ASSIGNED TASK:
The listing, minus its pictures, is to be given again exactly.

PROVIDED MATERIAL:
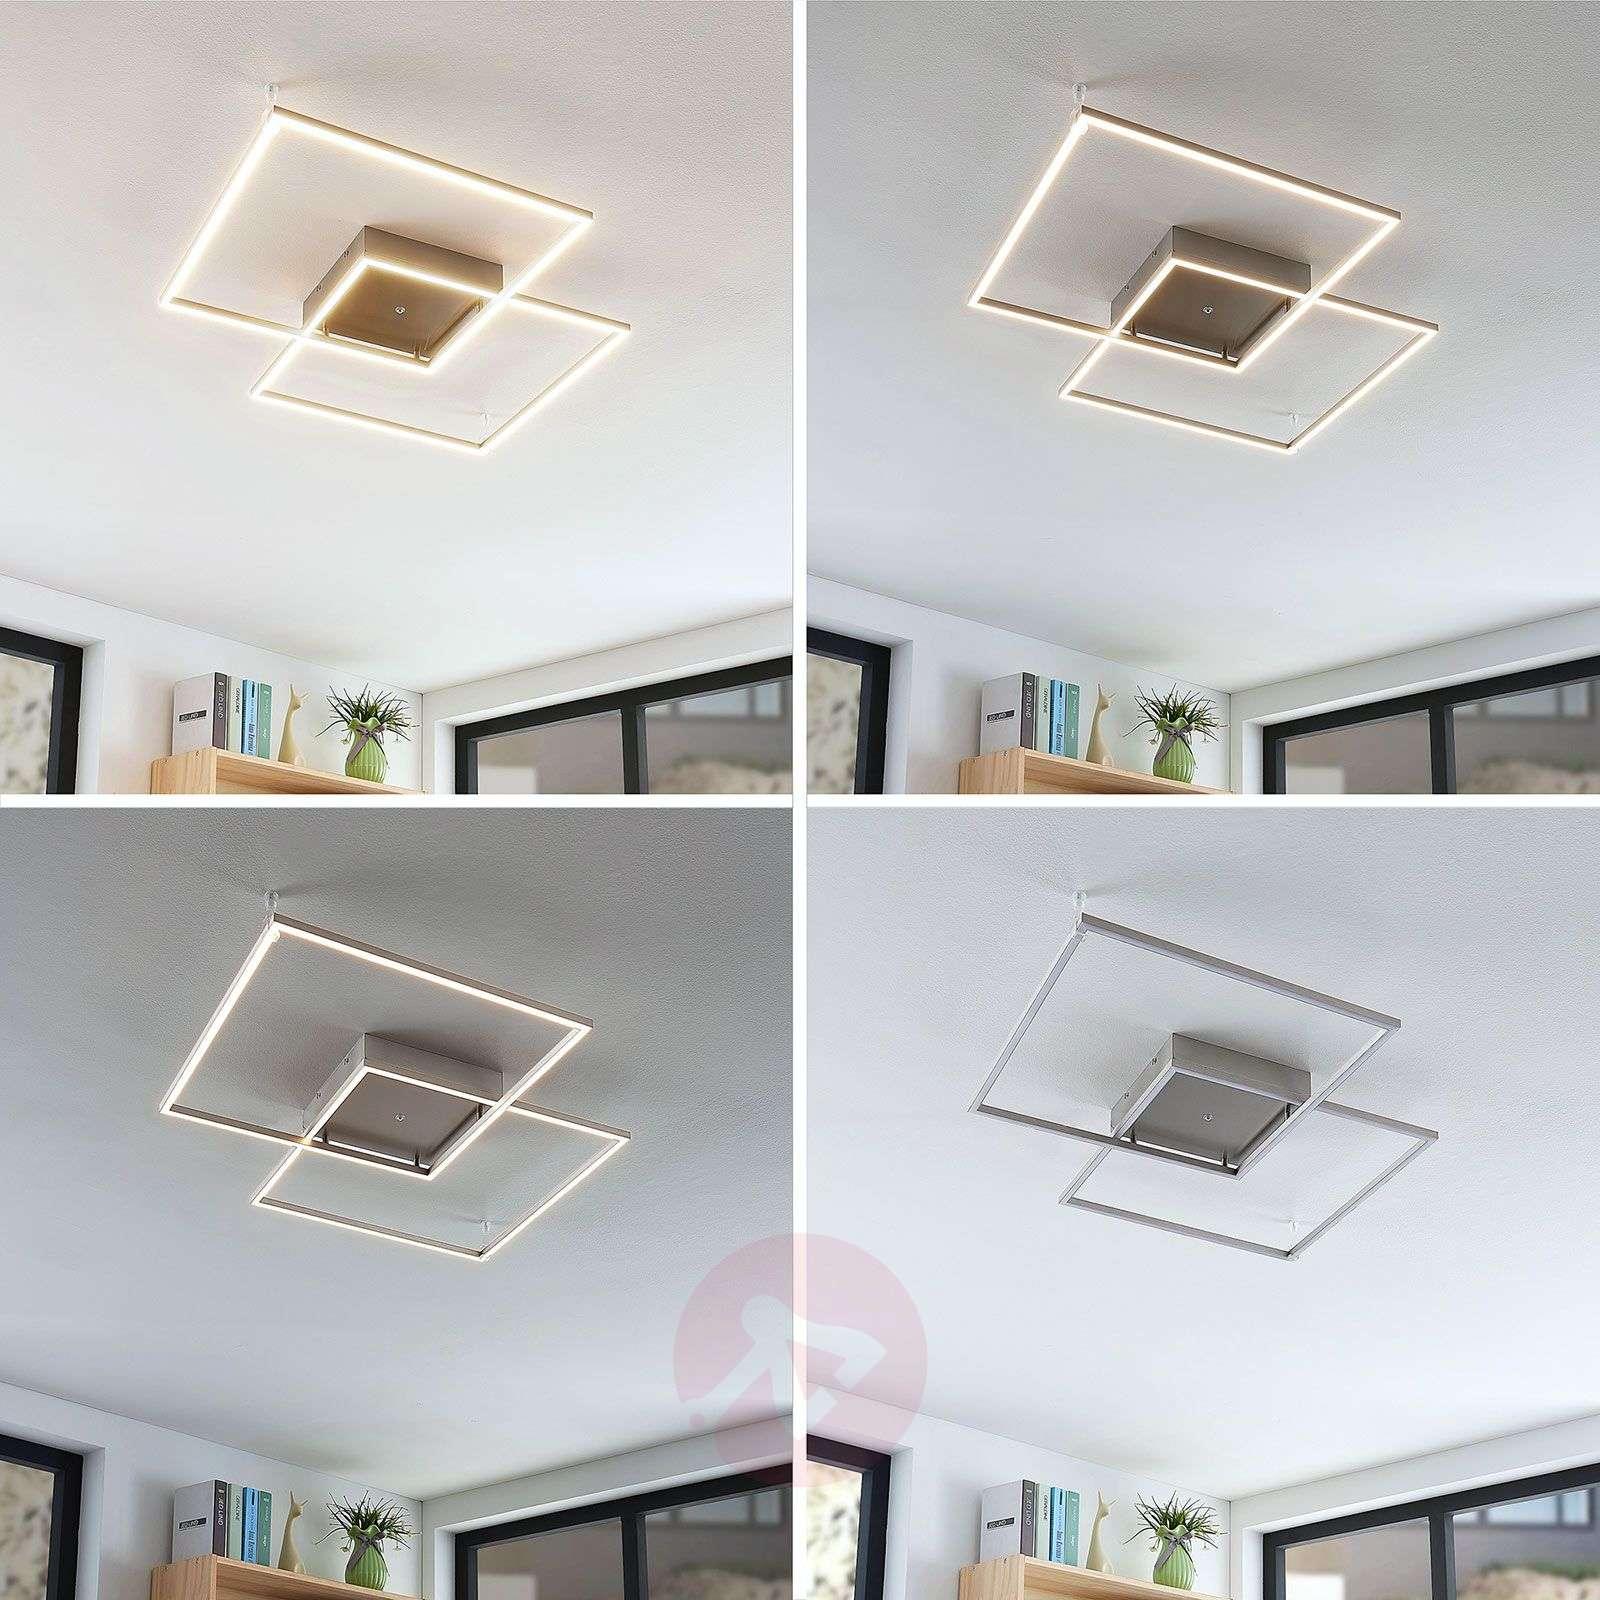 Mirac - LED ceiling light offering bright lighting | Lights.ie
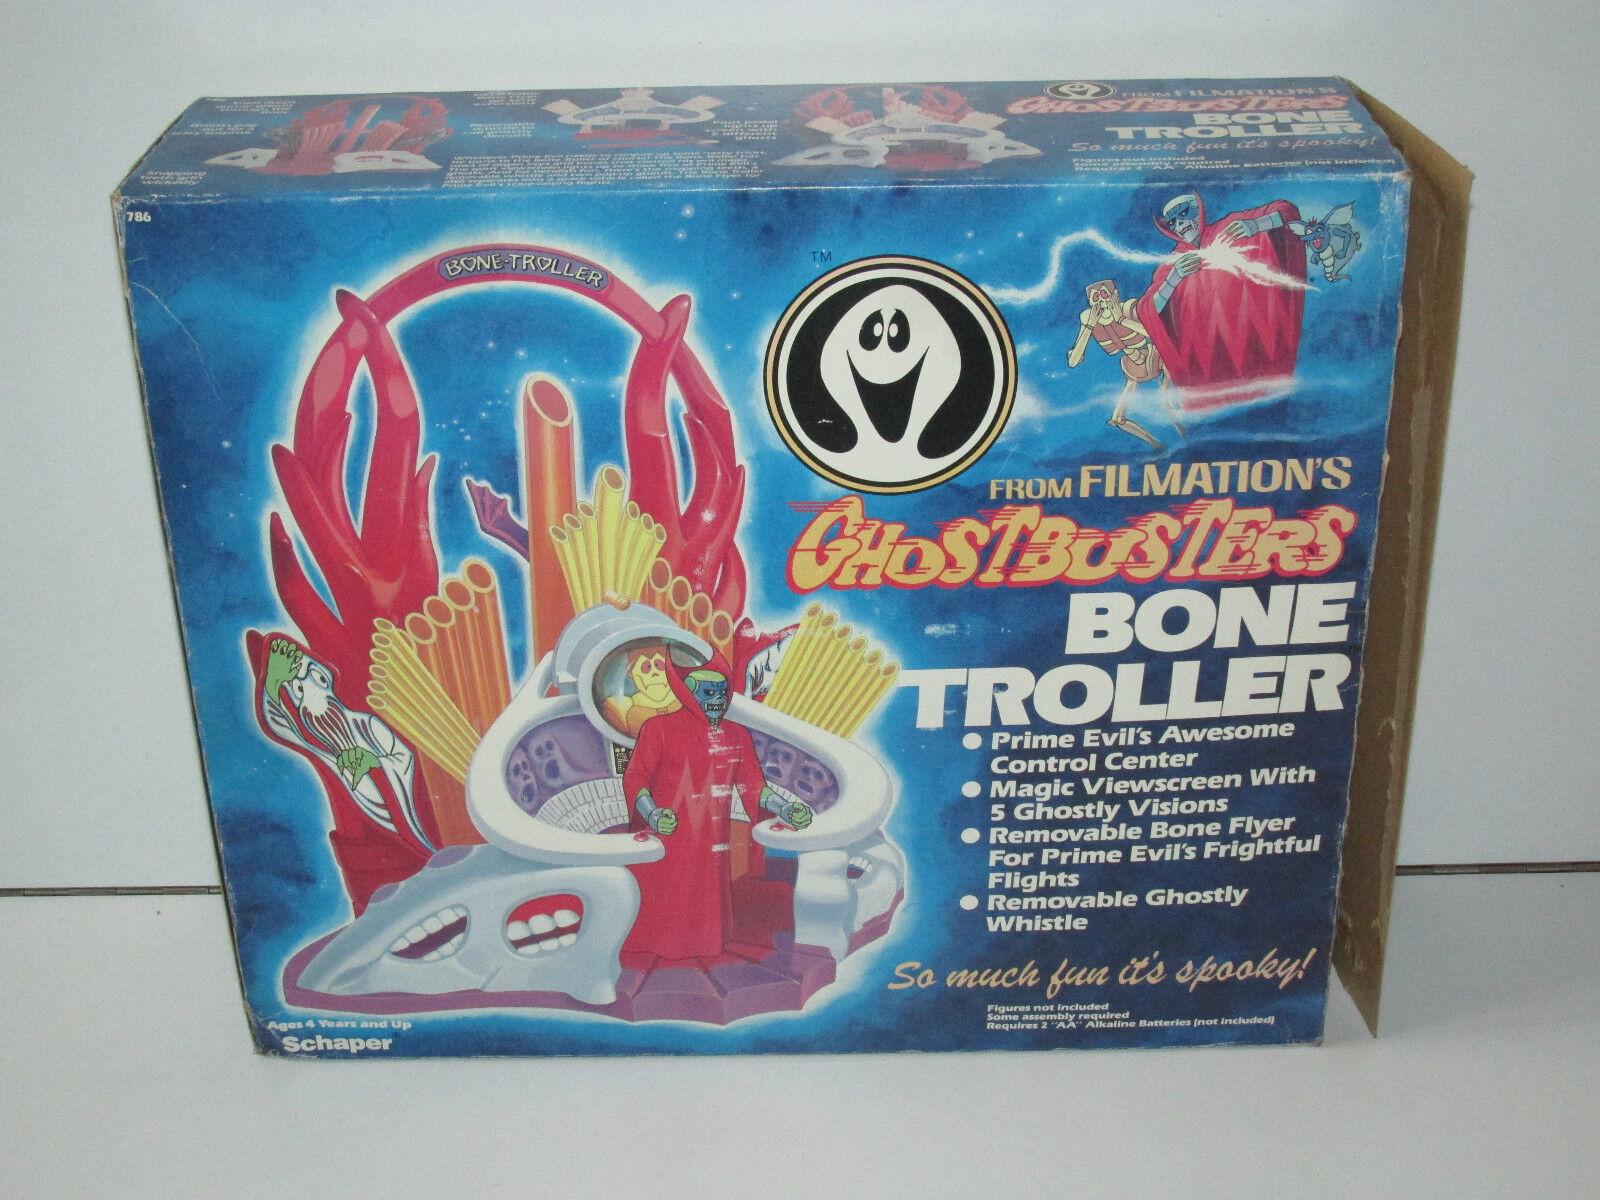 FILMATION GHOSTBUSTERS BONE TROLLER 100% COMPLETE BOXED MIB 1985 SCHAPER
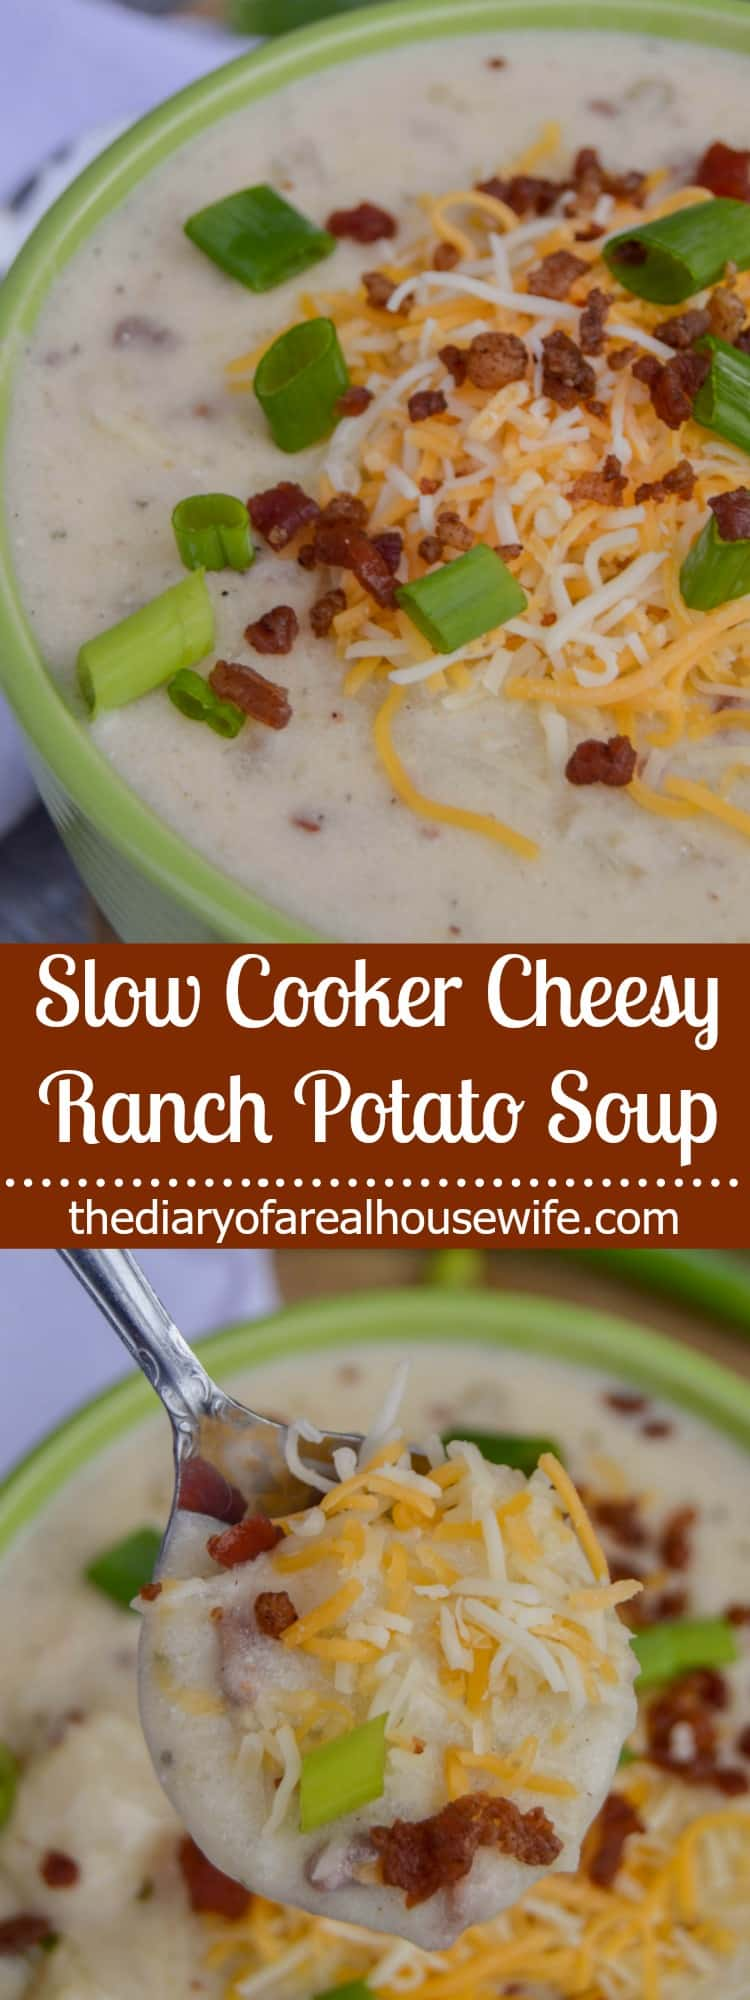 Slow Cooker Cheesy Ranch Potato Soup

RESPONSE TO THIS TASK:
 Mirac - LED ceiling light offering bright lighting | Lights.ie
 FILMATION GHOSTBUSTERS BONE TROLLER 100% COMPLETE BOXED MIB 1985 SCHAPER
 Slow Cooker Cheesy Ranch Potato Soup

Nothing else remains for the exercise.